I don’t know why darling, but even as I
sit here in my rocking chair overlooking the
grassy plains below sucking on an ice cube
there is a hint of suspicion lurking about
my frontal lobe that you are up to no good.
I mean to say, one moment you are raking
in a million smackers from businessmen at
the cost of a biriyani packet and a
smidgen of cheap red wine. Before Thellie
could get outside her second glass of vodka
and lime twist, there you most certainly
are, nodding your head like a fading
Chrysanthemum to please the regional chaps,
by agreeing to diametrically opposed ideas.
And ere a generally miffed Narayanan and
a rather ruffled Manmohan hassled after
being forced to hail a common or garden taxi
due to a mix up in official vehicles have
barely left our shores, off you toddle to
smog filled Beijing to sit through thick
haze and rain at the games.
But games these days it would seem are
what people are playing.
And while I intellectually masticated
this profound thought that had made its way
into my gray cells I had the pleasure of
watching a grumpy Dilan and a sour faced
minister whose name I cannot recall take the
stairs at a recent hotel function.
I cannot tell a lie it pleased me no end
to see some of your cabinet ministers
unhappy.

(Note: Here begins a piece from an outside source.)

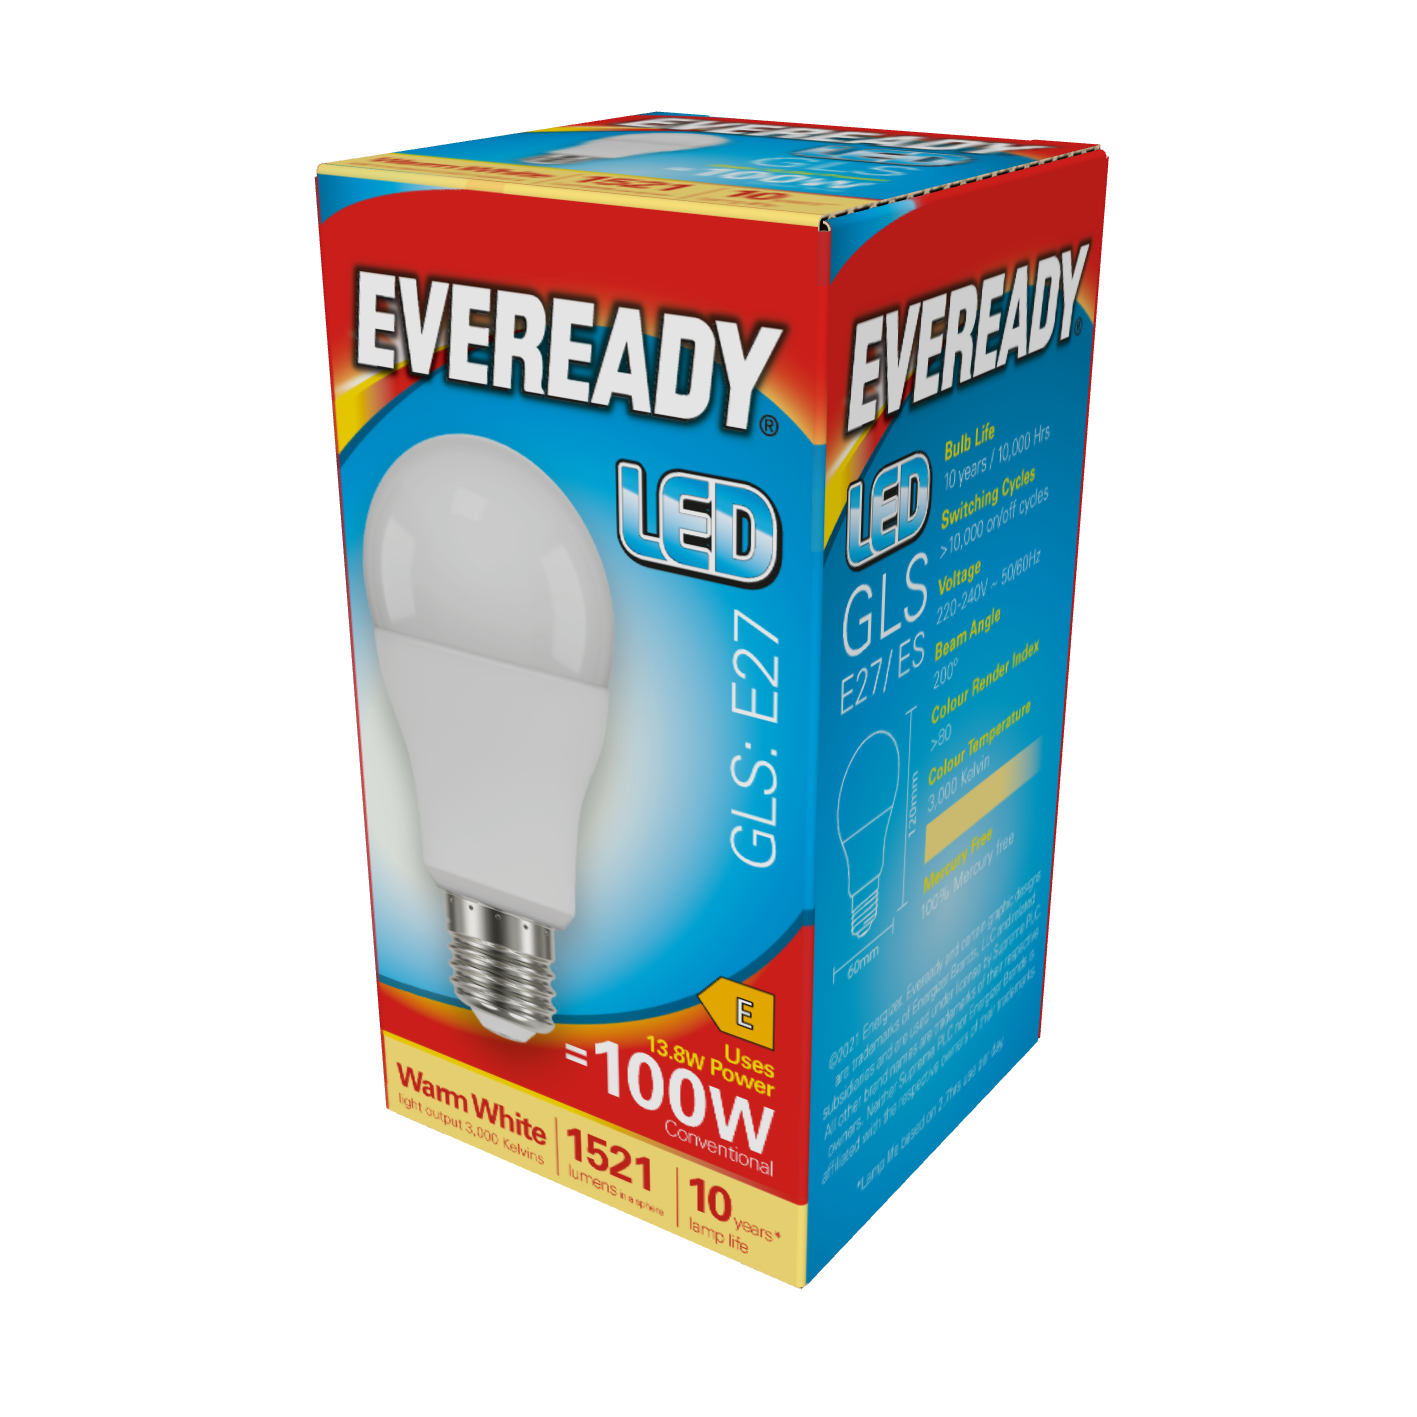 Eveready LED GLS E27 (ES) 1.521lm 13,8W 3.000K (Blanco Cálido), Caja de 1
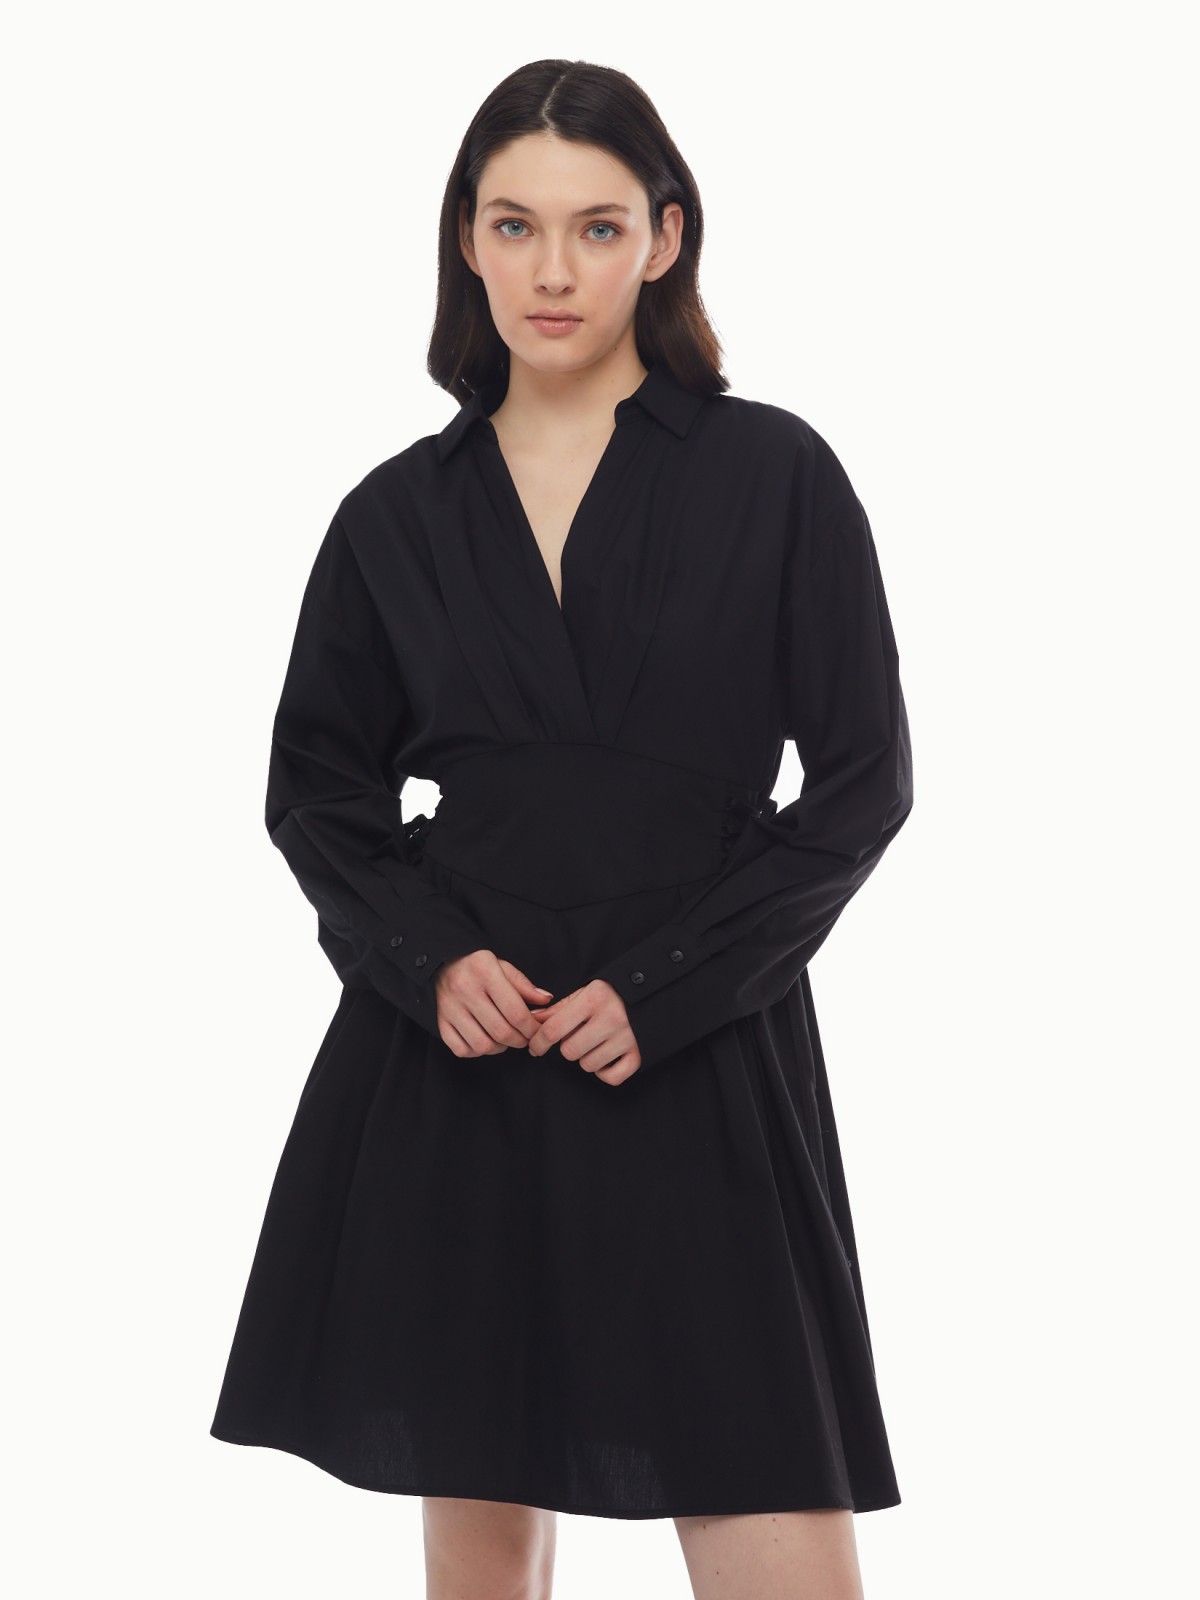 Платье длины мини из хлопка со шнуровкой на талии zolla 024138239291, цвет черный, размер XS - фото 1

It is unchristian like and I may be
compelled to go to confessional on the
subject but my heart soars with an unholy
delight when a gloomy pall comes over the
face of one of your hundred odd ministering
angels.
I will tell you why. The bally chaps live
off the masses and more importantly live off
me.
It is rather hard for Thellie to get
herself a decent coriander leaf these days
without counting the pennies; can you
imagine darling the counting that must ensue
before I think of my next glass of Wolf
Blass Chardonnay? It is irritating me no end
I can tell you. Ergo. A grumpy minister
equals a happy sort of Thellie.
Anyway as I watched the two move around
like pall bearers at Dracula’s funeral it
was in that astute way of mine that I began
to wonder a little at the object of their
discontent. What could be bothering the
bunch? It couldn’t be the cost of living as
they live off the masses. It couldn’t be a
lack of transport unlike for poor Narayanan
because they live off the masses. It
couldn’t be a shortage of fuel…yes you’ve
guessed it because they live off the masses.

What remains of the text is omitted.